When the wood became dark, Pip found them a nice spot under a tree to bed down.  The chill of the night was already settling in the forest.  The nymph feared fire so that option for warmth was out of the question.  Garflin hoped that the cloak that Neya had given him was as warm as it was tough.  The nymph and brownie curled up protected from the night air by the branches of the tree.  Garflin shared his cloak with Pip glad to have the extra body heat to ward off the cold.


The morning brought with it new troubles.  Garflin awoke just before the sun.  He shivered with the cold and reached to pull his cloak tighter around him.  The cloak was gone along with his pack and Pip.  The nymph had double-crossed him.  All he had left was his dagger with the broken tip, his bow with no arrows, and his useless map the nymph had apparently discarded.


Nymphs were tricksters.  How many times had he reminded himself of that fact?  Yet he had still followed her like a lamb to the slaughter.  And somehow he was still astonished not to find her when he woke up.  Apparently, Pip had not needed her charm spells on him.  His idiocy was enough.


Garflin sat against the tree that had been his bed, debating if he should turn back.  Out of habit, he glanced down at the map in his hands.  It was the same map that Neya had given him but it had been updated.  Pip had altered the map and made it clear.

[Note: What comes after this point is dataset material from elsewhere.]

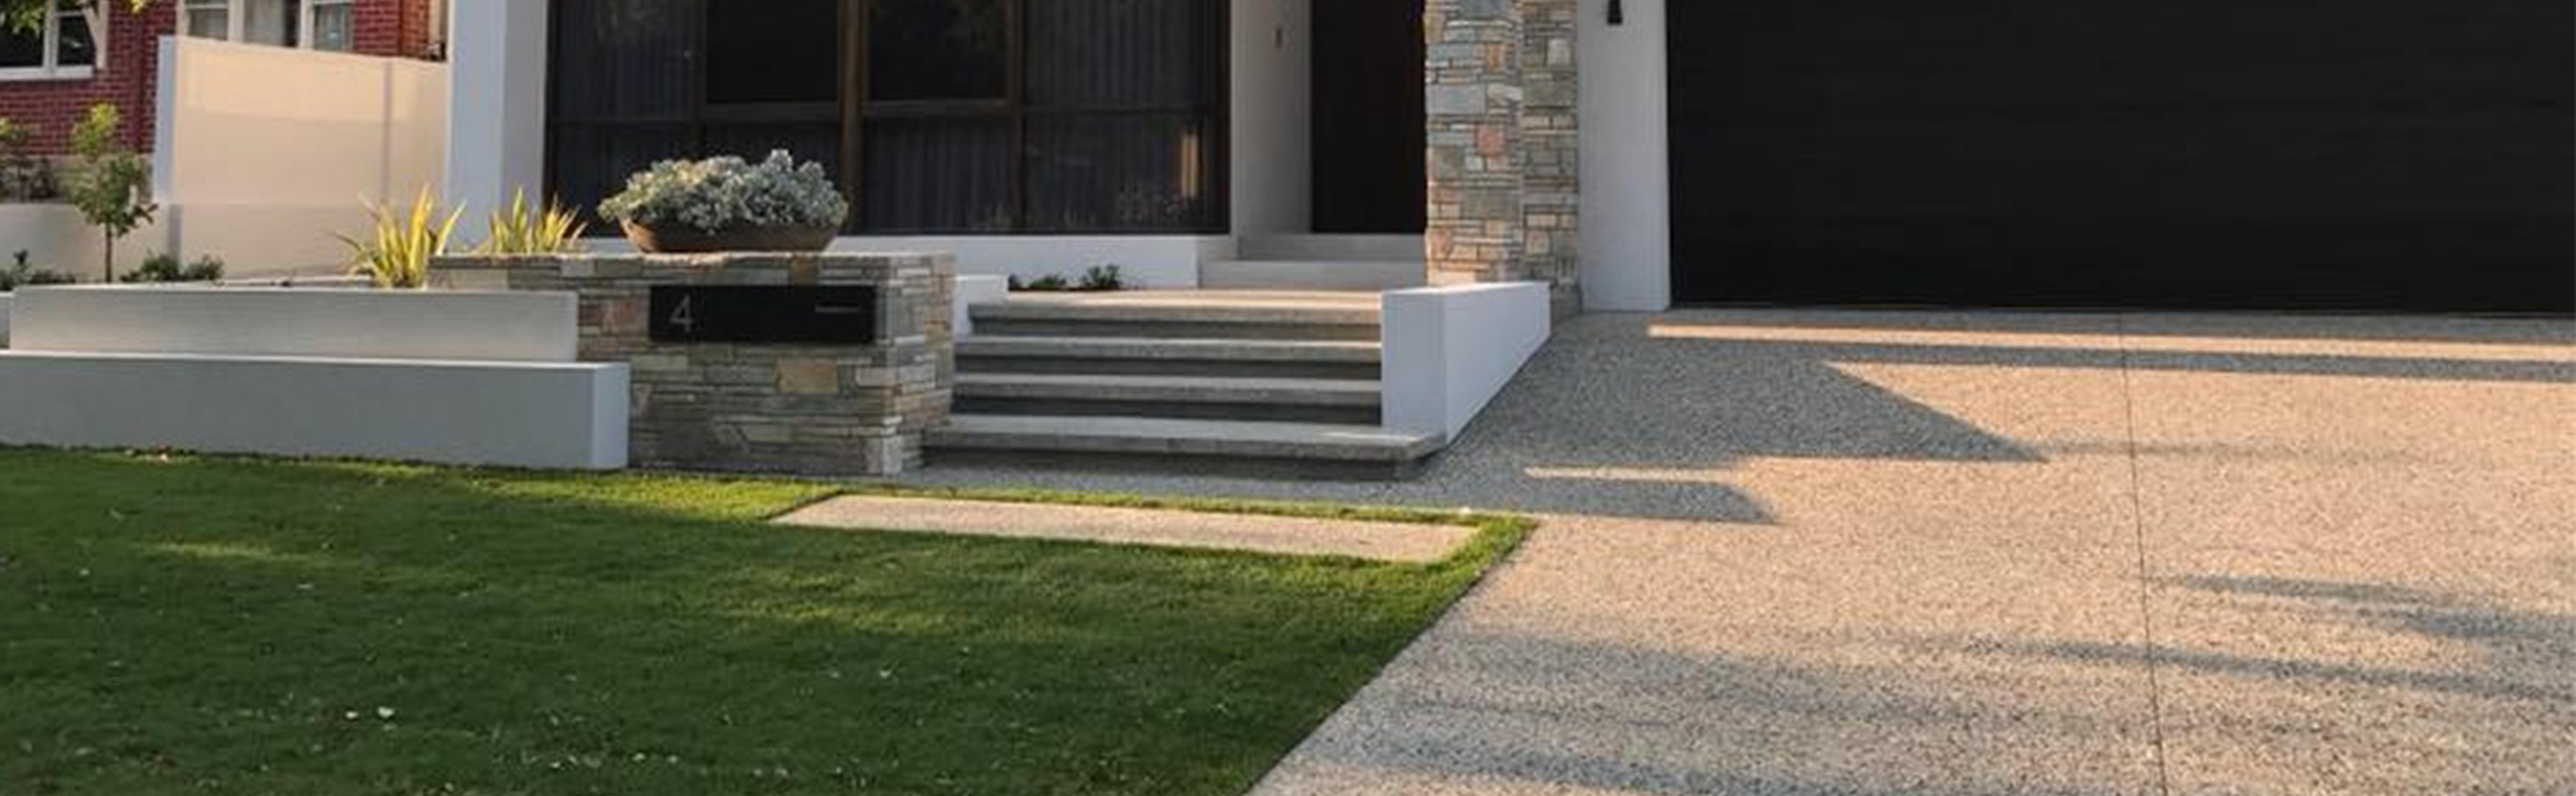 honed concrete cover
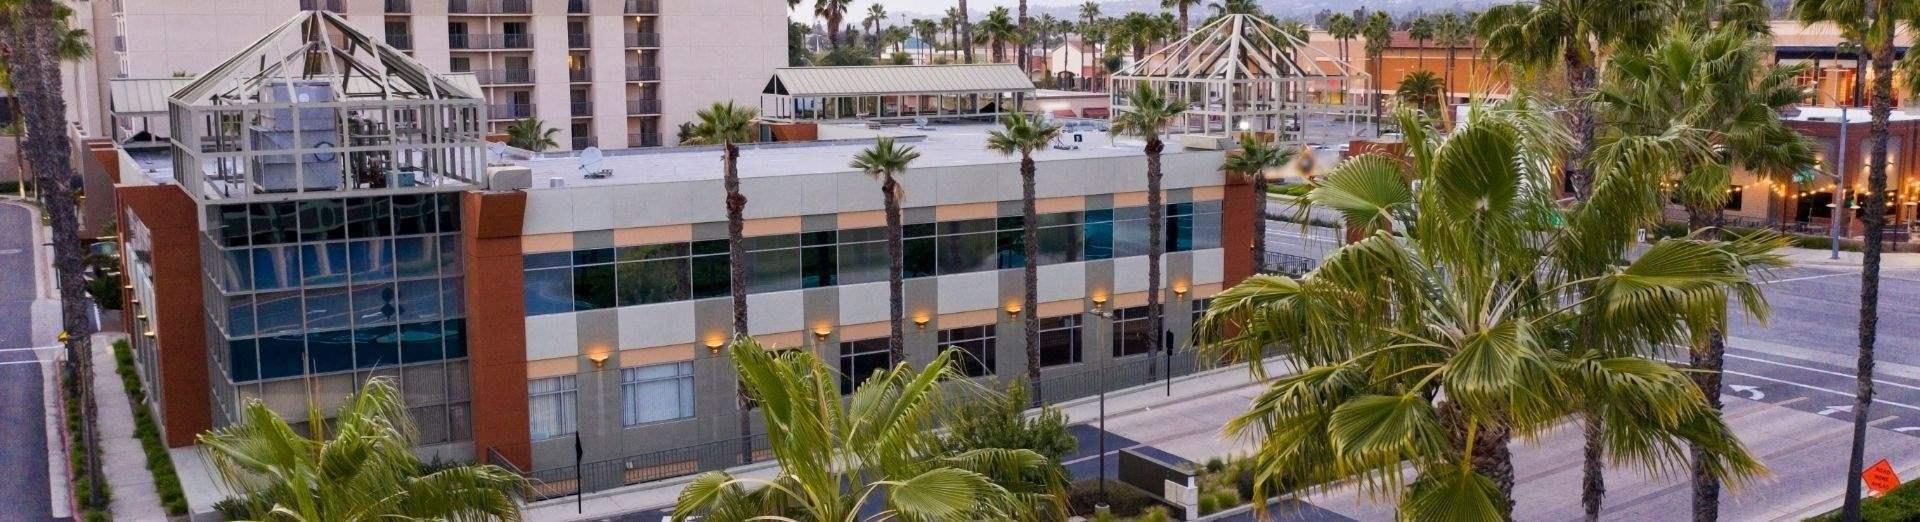 Chase Suite Hotel Brea, California - Location

The little voice inside him reminded him of the nymph ways.  That little voice had been ignored so many times in the last few weeks, the brownie hardly noticed it.  He studied the map closely to get his bearings before he sat out into the unknown.  The map had a path drawn from a dot, which Garflin had decide was his current position, to a small X just south of him.  With at least a little hope restored, the brownie set off to find whatever Pip had marked on the map.  He just hoped that she had understood that if he failed, the place she called home would be no more.